The line separating investment and speculation, which is never bright and clear, becomes blurred still further when most market participants have recently enjoyed triumphs. Nothing sedates rationality like large doses of effortless money. After a heady experience of that kind, normally sensible people drift into behavior akin of that Cinderella at the ball. They know that overstaying the festivities – that is, continuing to speculate in companies that have gigantic valuations relative to the cash they are likely to generate in the future – will eventually bring on pumpkins and mice. But they nevertheless hate to miss a single minute of what is one helluva party. Therefore, the giddy participants all plan to leave just before midnight. There’s a problem, though : they are dancing in a room in which the clocks have no hands.

Pessimism

The most common cause of low prices is pessimism – some times pervasive, some times specific to a company or industry. We want to do business in such an environment, not because we like pessimism but because we like the prices it produces. It’s optimism that is the enemy of the rational buyer.

Macroeconomics factors

If we find a company we like, the level of the market will not really impact our decisions. We will decide company by company. We spend essentially no time thinking about macroeconomics factors. In other words, if somebody handed us a prediction by the most revered intellectual on the subject, with figures for unemployment or interest rates or whatever it might be for the next two years, we would not pay any attention to it. We simply try to focus on business that we think we understand and where we like the price and management. If we see anything that relates to what’s going to happen in congress, we don’t even read it. We just don’t think it’s helpful to have a view on these matters.

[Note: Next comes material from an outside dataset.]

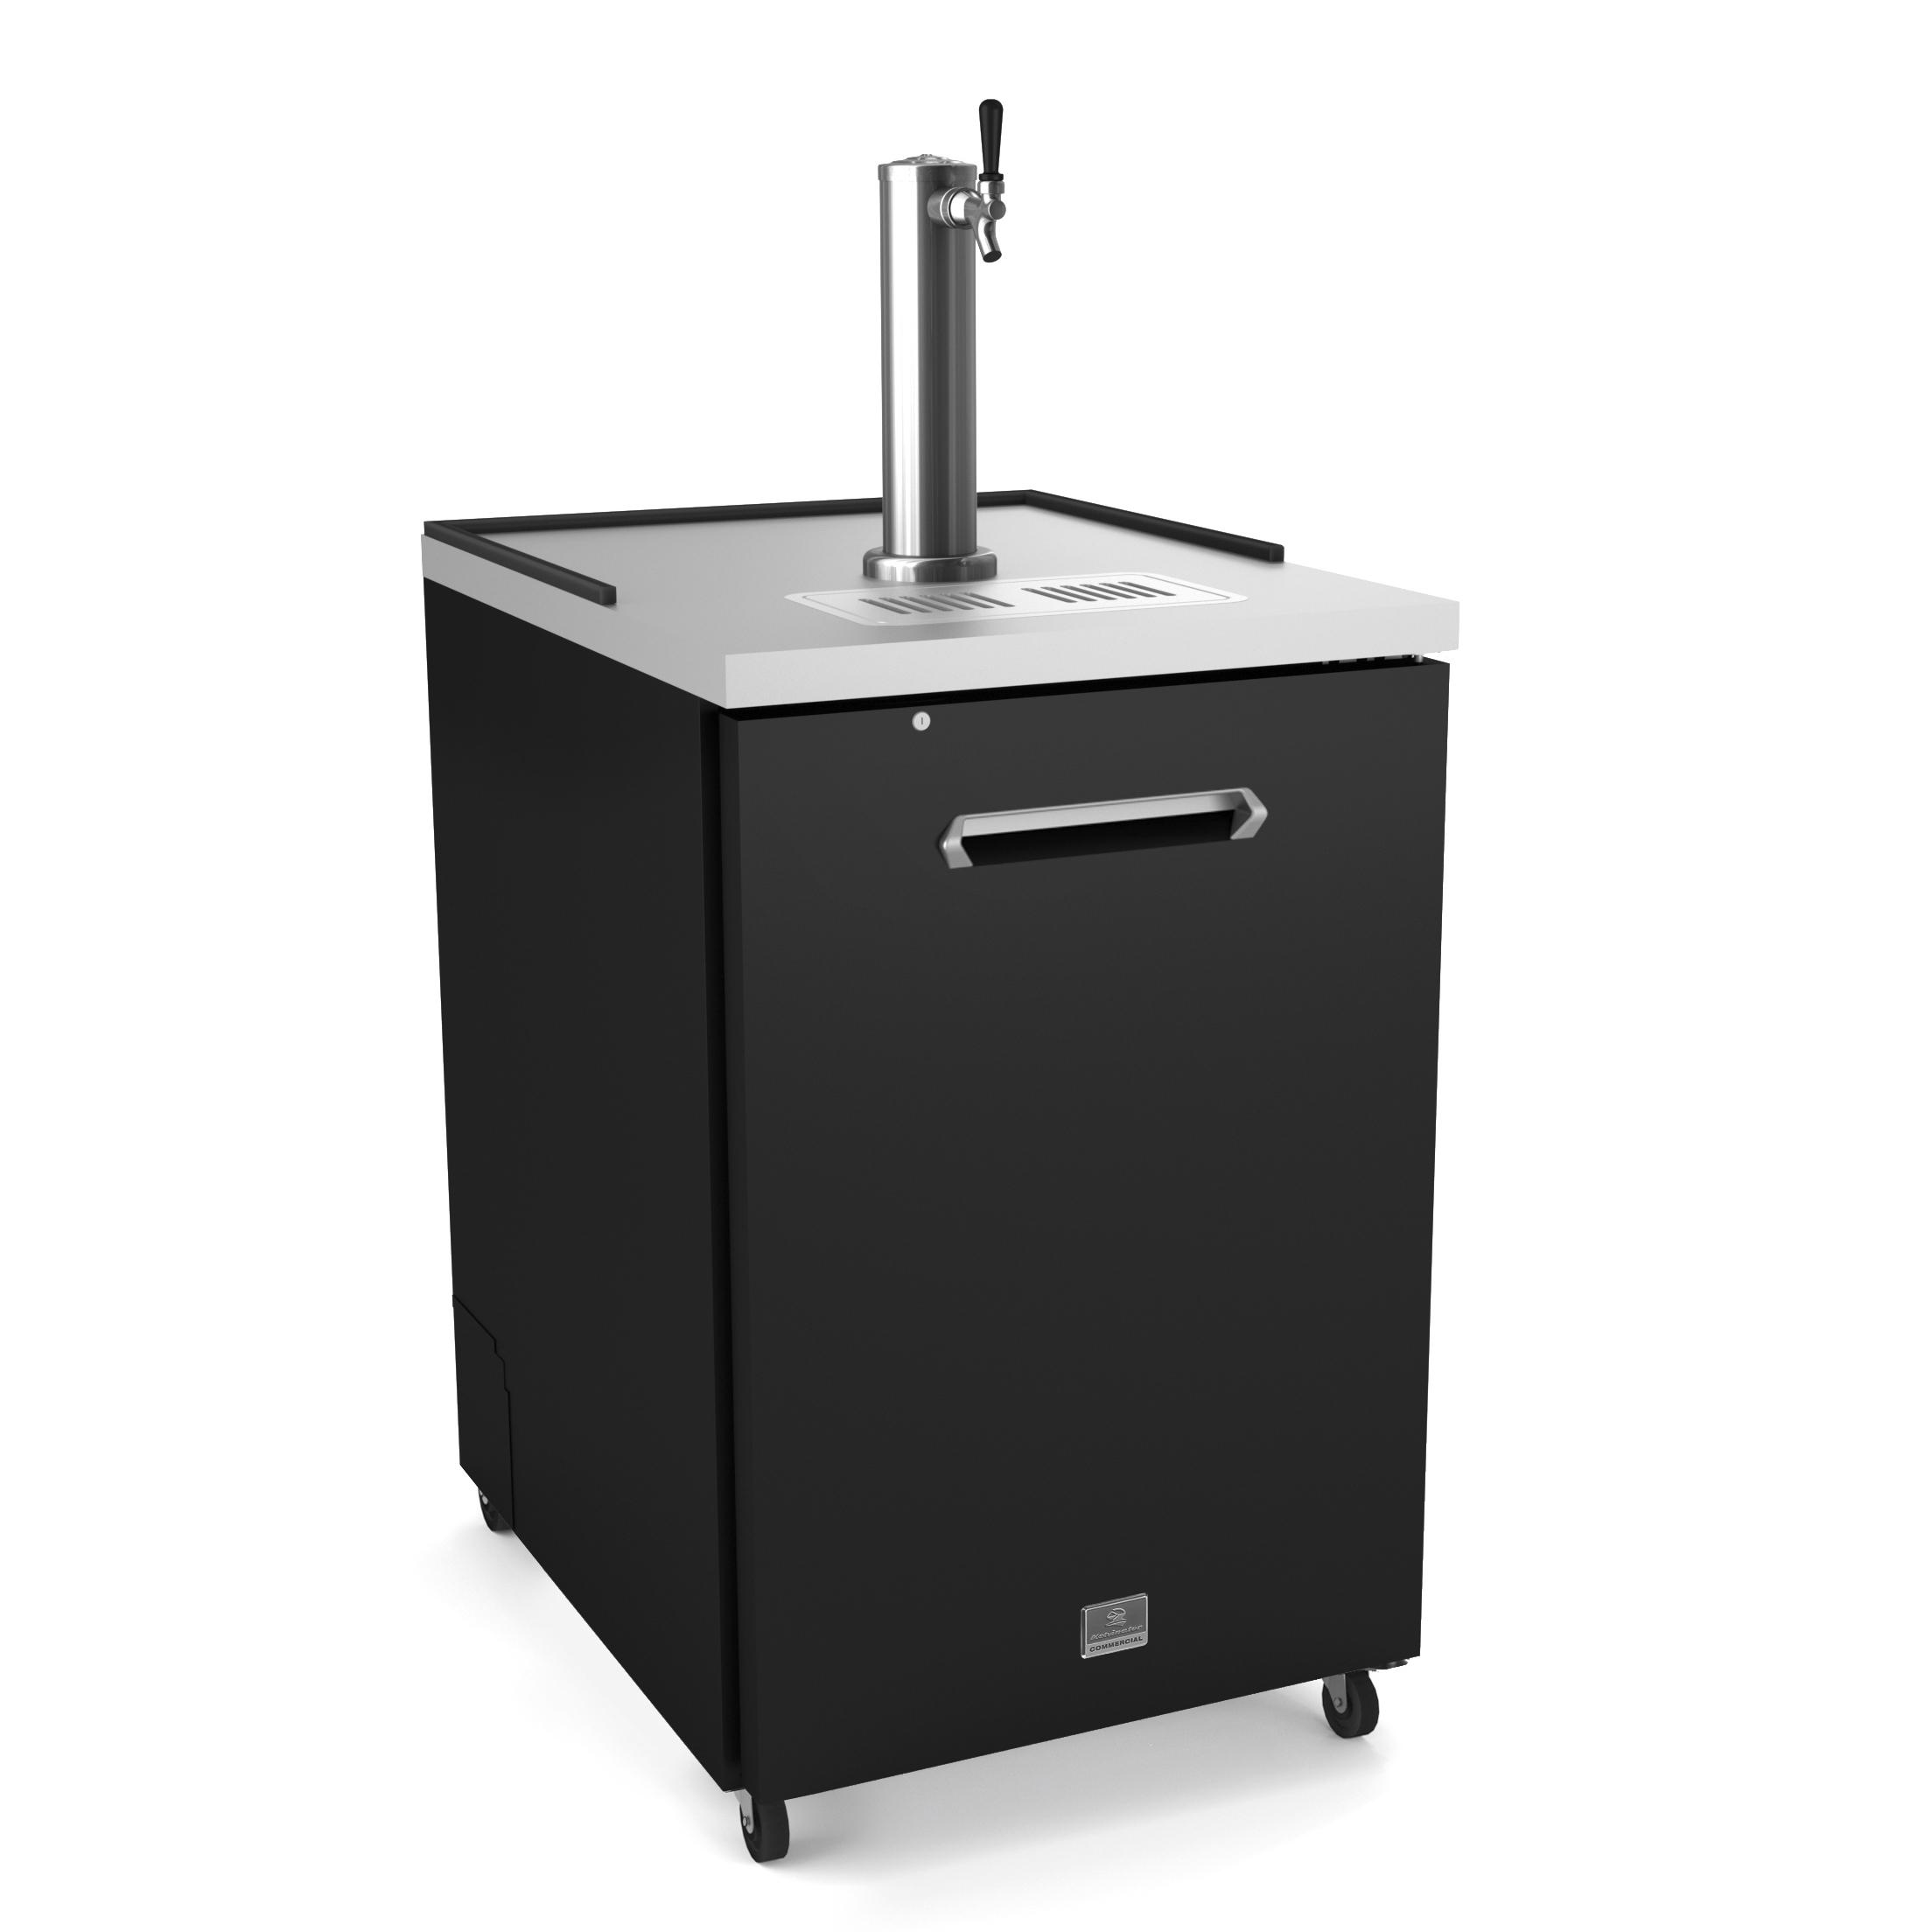 Kelvinator Commercial KCHBBDIDIT draft beer cooler

Short-term market forecasts

We have long felt that the only value of stock forecasters is to make fortune-tellers look good. Even now, Charlie (Munger) and I continue to believe that short-term market forecasts are poison and should be kept locked up in a safe place, away from children and also from grown-up who behave in the market like children.

Price action

For some reason, people take their cues from price action rather than from values. What doesn’t work is when you start doing things that you don’t understand or because they worked last week for somebody else. The dumbest reason in the world to buy a stock is because it’s going up.